We create the tokenizers.

In [5]:
def tokenize_de(text):
    # Tokenizes German text from a string into a list of strings
    return [tok.text for tok in spacy_de.tokenizer(text)]

def tokenize_en(text):
    # Tokenizes English text from a string into a list of strings
    return [tok.text for tok in spacy_en.tokenizer(text)]

The fields remain the same as before.

In [6]:
SRC = Field(tokenize = tokenize_de, 
            init_token = '<sos>', 
            eos_token = '<eos>', 
            lower = True)

TRG = Field(tokenize = tokenize_en, 
            init_token = '<sos>', 
            eos_token = '<eos>', 
            lower = True)



**加载数据。**输入的每个句子开头和结尾都带有特殊的标识符。对于每个 batch 内的句子，将它们的长度通过加 <PAD> 变得一样，即一个 batch 内的句子，长度都是相同的，不同 batch 内的句子长度不一定相同。

In [7]:
train_data, valid_data, test_data = Multi30k.splits(exts = ('.de', '.en'),fields = (SRC, TRG))
# train_data, valid_data, test_data = Multi30k()
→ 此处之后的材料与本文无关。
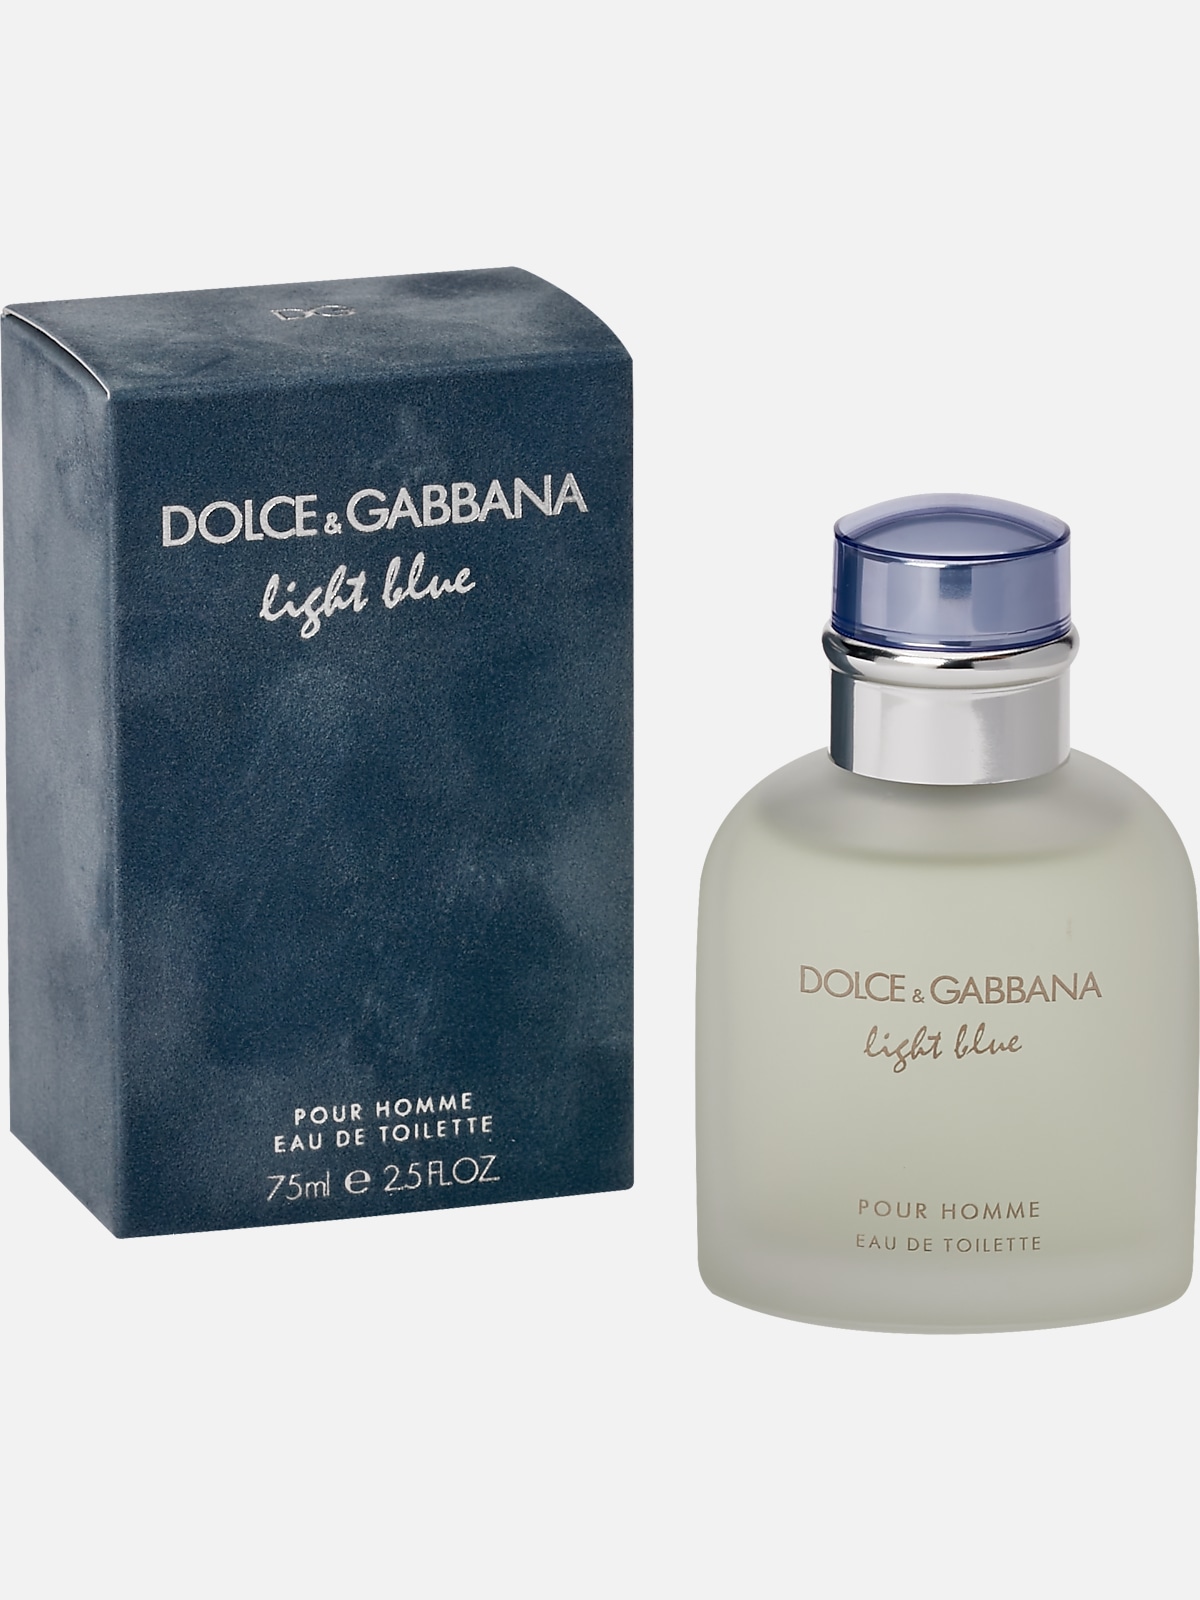 Dolce & Gabbana Light Blue Eau de Toilette Spray for Men - 2.5 oz

downloading training.tar.gz


training.tar.gz: 100%|██████████| 1.21M/1.21M [00:00<00:00, 11.3MB/s]


downloading validation.tar.gz


validation.tar.gz: 100%|██████████| 46.3k/46.3k [00:00<00:00, 1.94MB/s]

downloading mmt_task1_test2016.tar.gz



mmt_task1_test2016.tar.gz: 100%|██████████| 66.2k/66.2k [00:00<00:00, 1.88MB/s]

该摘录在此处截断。